5/22/2014 4:02:09 AM
People have become so used to all those chemical treated eggs and chicken that we need articles like this to spread out awareness among them. It was really good read that was given here. I liked your new agenda on Grass-Fed Egg Movement

10/15/2009 5:45:03 PM
Kartik, you asked, "I wonder if Joel Salatin's method of "completing the circle" requires feed, or if access to sufficient land with insects and grub can be enough." Salatin, uses a custom blended feed to supplement his layers. Here it is in quantities to make a ton. It can be reduced. Roasted soy beans 617# Ground corn 596# Cracked corn 398# Crimped oats 219# Feed grade limestone 99# Nutri-balancer 60# Kelp meal 11# Something else I do is hang my Japanese beetle traps so that the beetles fall into the hen-house or field pen. The birds gobble 'em up and it takes care of that problem as well.

Kartik Srinivas
10/15/2009 9:14:12 AM
Thanks! I like the idea of marketing eggs like this (avoids co-opting possibilities by large-scale agribusinesses, who've watered down terms like cage-free and organic). Question: I haven't *yet* started raising (grass-fed) eggs, but plan to sometime in the near future. I've been having a long conversation with a vegan friend. We come from similar vantage points (recognizing the horrible nature of factory farming, read Omnivore's Dilemma, prioritize local foods, etc.) but I've argued that we should therefore opt for local meat / animal products along with plant-based foods, while he feels the environmental impacts, even of local, are greater than for local plant-based foods and should be avoided. One point he's made is that, as far as we both know, even "grass-fed", local, chickens are fed some kind of purchased feed that could often include non-local / non-organic grain (or, even if "organic", could come from questionable sources). So, having these chickens is indirectly supporting "unfriendly" / non-local farming practices, perhaps similar to the grain demands for large-scale feedlot operations and CAFOs. I asked a farming family member, who agreed that she doesn't know of anyone who raises chickens without feed, but I wonder if Joel Salatin's method of "completing the circle" requires feed, or if access to sufficient land with insects and grub can be enough. Obviously, chickens could exist in the wild, so there's got to be a way. Thanks for any answers! Kartik

MT Mi Mi
10/14/2009 11:26:36 AM
GREAT IDEA!! I'm so sick of going to the store for eggs (when my local resources are moulting), and reading the "propoganda" they're trying to sell as grass fed. I hope it catches on. A great way to circumvent another regulation, and get the desired result!
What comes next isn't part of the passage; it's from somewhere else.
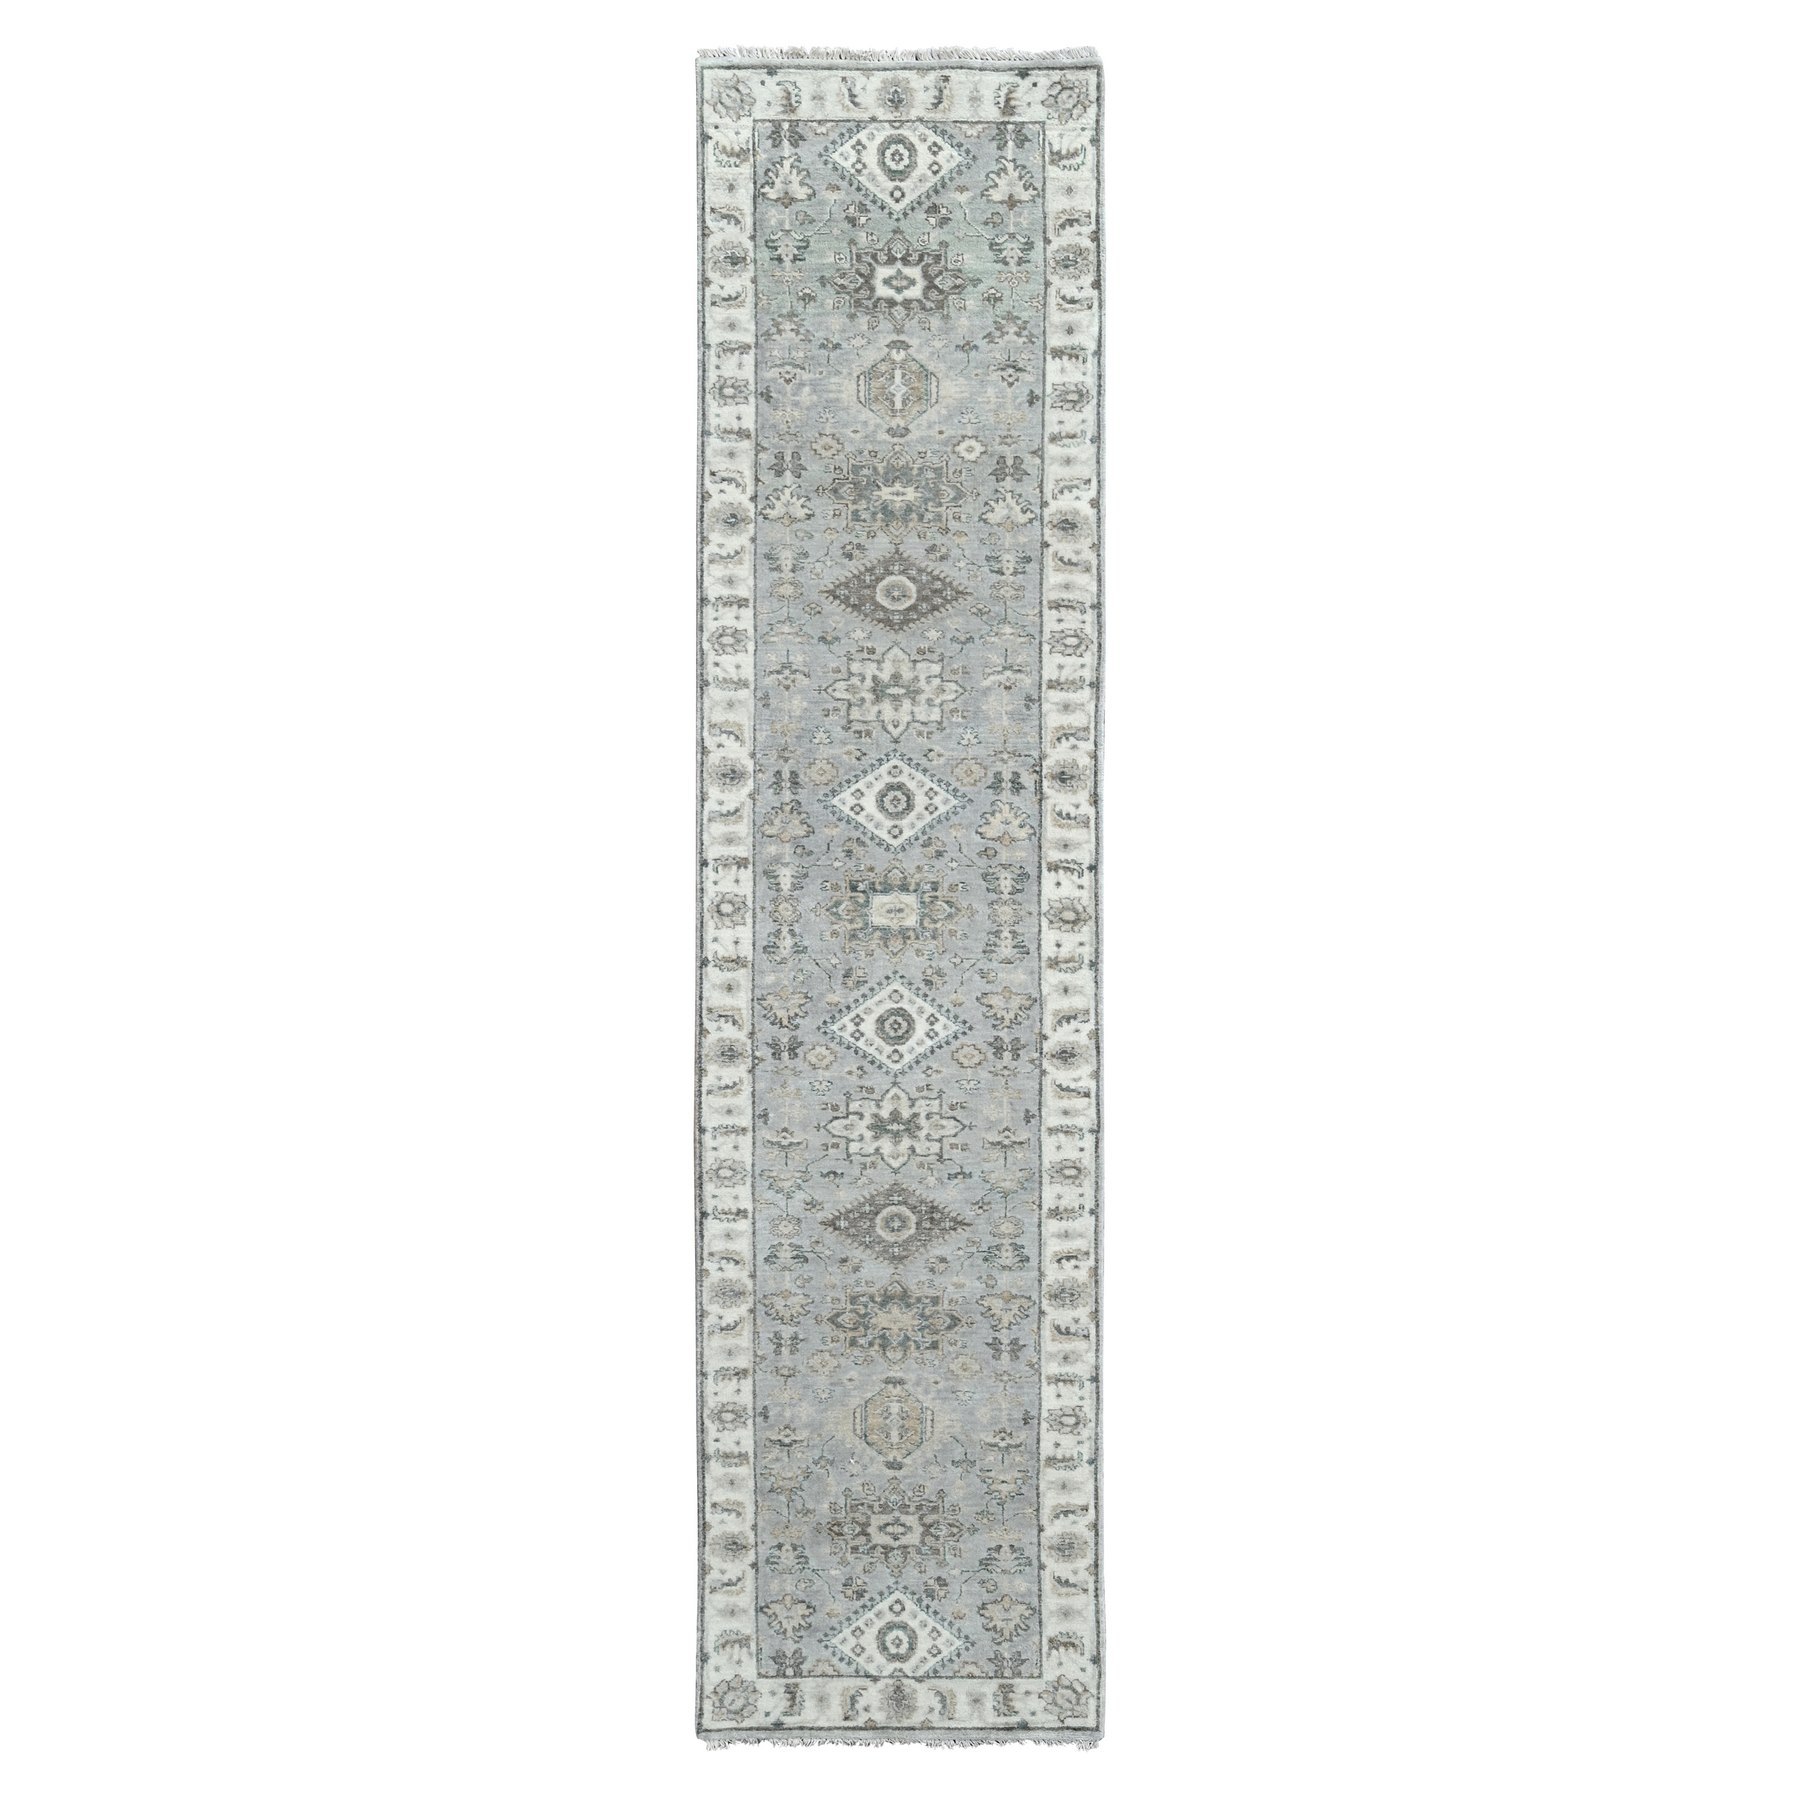 Lazy Gray, Velvety Wool, Hand Knotted Karajeh Design Geometric Motifs, Vegetable Dyes, Soft To The Touch Pile, Oriental Runner Rug

I raised some day olds the last 2 years, and they were out on grass as young as possible.

10/14/2009 8:22:29 AM
Two years ago I started grass feeding my hens and broilers on our 7.5 acres a'la Joel Salatin's methods after hearing him talk at the homeschool convention here in Richmond. There are only three of us at home, but we have 12 Buff Orpington layers which give us more eggs than we can possibly eat. We started giving some away, then word started getting around at church and among our friends so we decided to charge for them. I am incubating 2 dozen more right now which will hopefully give me enough pullets to double my laying stock. My 7yr old loves to go to the henhouse in the morning to gather, and often comes back after an afternoon trip with another handful. I had one hen that gave me over 300 eggs last year.

Scott W. Franklin
10/8/2009 10:42:59 AM
Good comments. I also am wondering how to make grass-fed eggs a practical concern. Portable open bottom pens are labor intensive. Free ranging birds, not the same as "free-range", are subject to predation and are not making the most efficient use of grass pasture. Joel Salatin's multi-use model comes to mind, sandwiching laying hens between cattle and broilers, but, as a stand alone enterprise, I don't see how grass-fed eggs could compete.

10/8/2009 10:15:31 AM
While it's true that grass-fed eggs don't lend themselves to industrial production, there are farmers whose chickens are producing eggs as a serious section of their integrated small farms. I refer you to Joel Salatin, who has written a book called "Pastured Poultry Profits - net $25,000 in 6 months on 20 acres". His focus in the book is broilers, but he does cover larger scale pastured egg production (larger than backyard production). Not monstrous scale, like the industrial egg production, but reasonably good sized.